The route is now almost due North over the field, shortly the stone cairn is a prominant feature to head for. But be aware that this whole grazing area can be exceptionally wet and muddy, a section that most are happy to leave behind as they reach the corner of the wood and a farm track.

Entering Penmanshiel Wood

The route is now back onto grass or farm track before reaching a minor road that runs down ultimately to a junction with the A1 Edinburgh to Newcastle Road. The sound of traffic is heard before the road is visible and just behind in the East Coast Mainline Railway track.
Take care with the crossing of the A1, then heading north the way soon bears to the east and over the railway line into the start of the Penmanshiel Forest.

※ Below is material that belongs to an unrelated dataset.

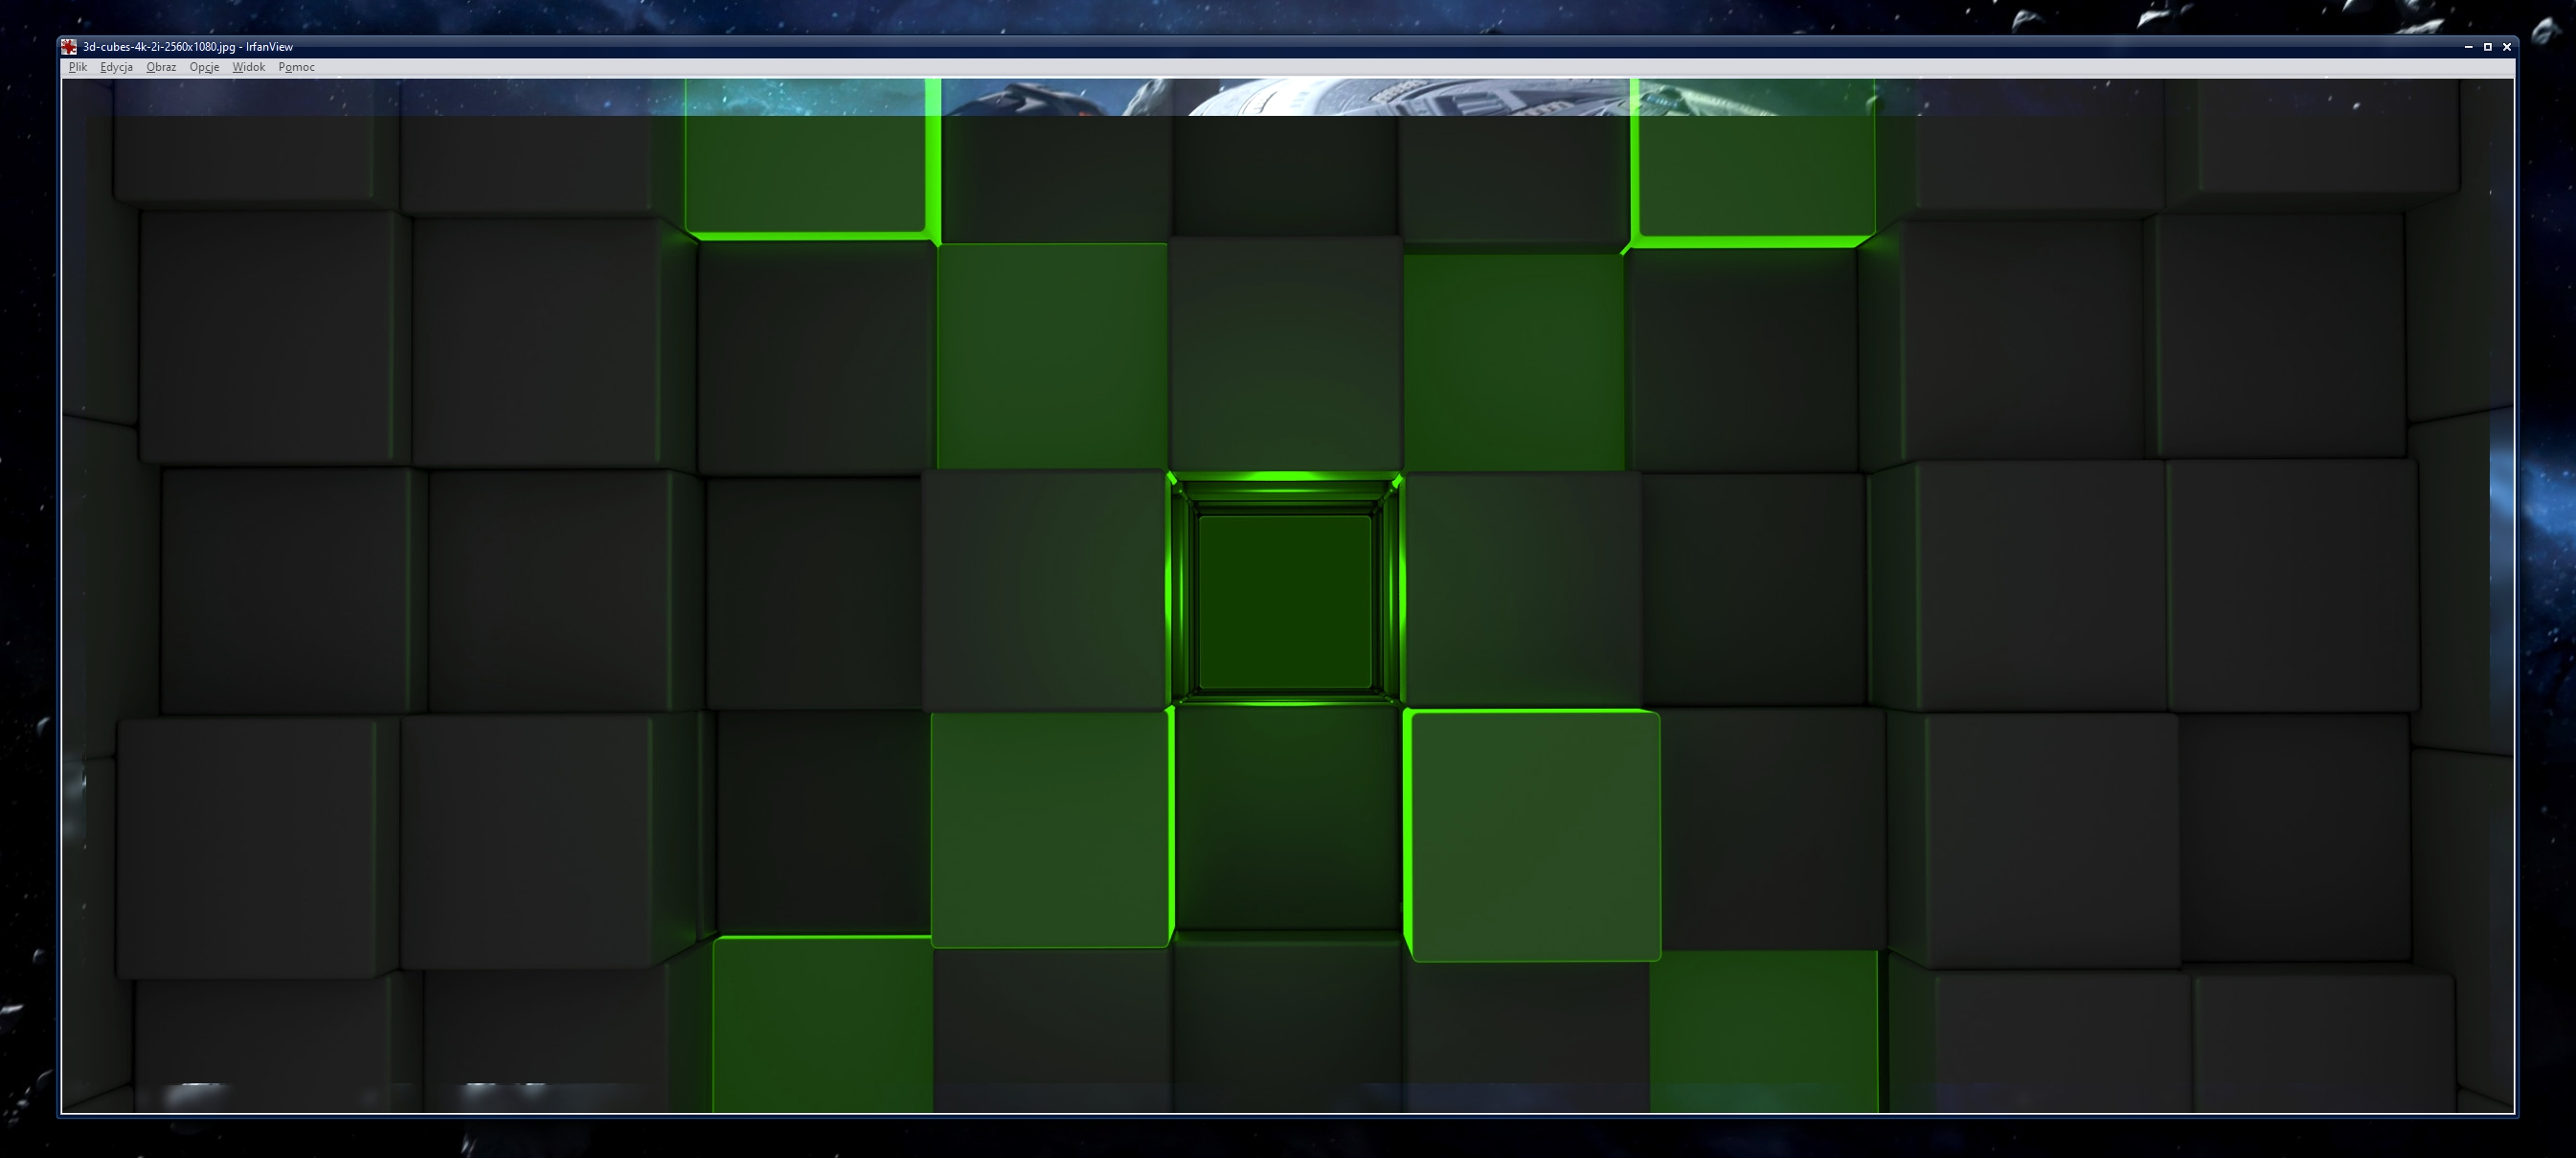 Glass bug in Windows 10

Coastal view looking North from Penmanshiel Wood

The forest track is first an ascent through a pleasant mixed wood, however the views are constantly changing as the softwood firs grow at a fast rate. As the way reaches its highest point the Sea can be seen for the first time due north. On a clear day the view is to Pease Bay and to the left and ahead the coastline to Dunbar with the Bass Rock in the distance. The land in the horizon is the Fife Coastline.

Bridge over Pease Dean

The descent through the wood is towards the line of the original A1 south of Edinburgh. The road had to cross Pease Dean this being accomplished in 1786 with the opening of the Pease Bridge. This bridge at the time of opening was the highest bridge in the world at 130 feet above the water below.
The Way breaks from the SUW and crosses the bridge the turns right to pass down Pease Dean on the western side. The Dean is now a common circular route full of interesting tree and plant life but this routing offers the best views to the sea and looking back the only views of this magnificent bridge.

Pease Bay

Pease Bay is a sandy bay on what is generally a rocky coastline to the east and south. The bay is lined with holiday caravans, somewhat detracting from what is a fine coastal beach. Some 4 miles east is Fast Castle with it 16th Century connections with Margaret Tudor and Mary Stewart. This castle was also known as the Wolf's Crag in the Bride of Lammermoor.


The last 2 miles start along the cliff line to the west of Pease Bay with the option of looking down on Cove Harbour accessed through a tunnel made in the 18th century. From the coast the trail heads inland for a very short distance crossing under the A1 and entering the village square in Cockburnspath, the end of the Sir Walter Scott's Way and the Southern Upland Way.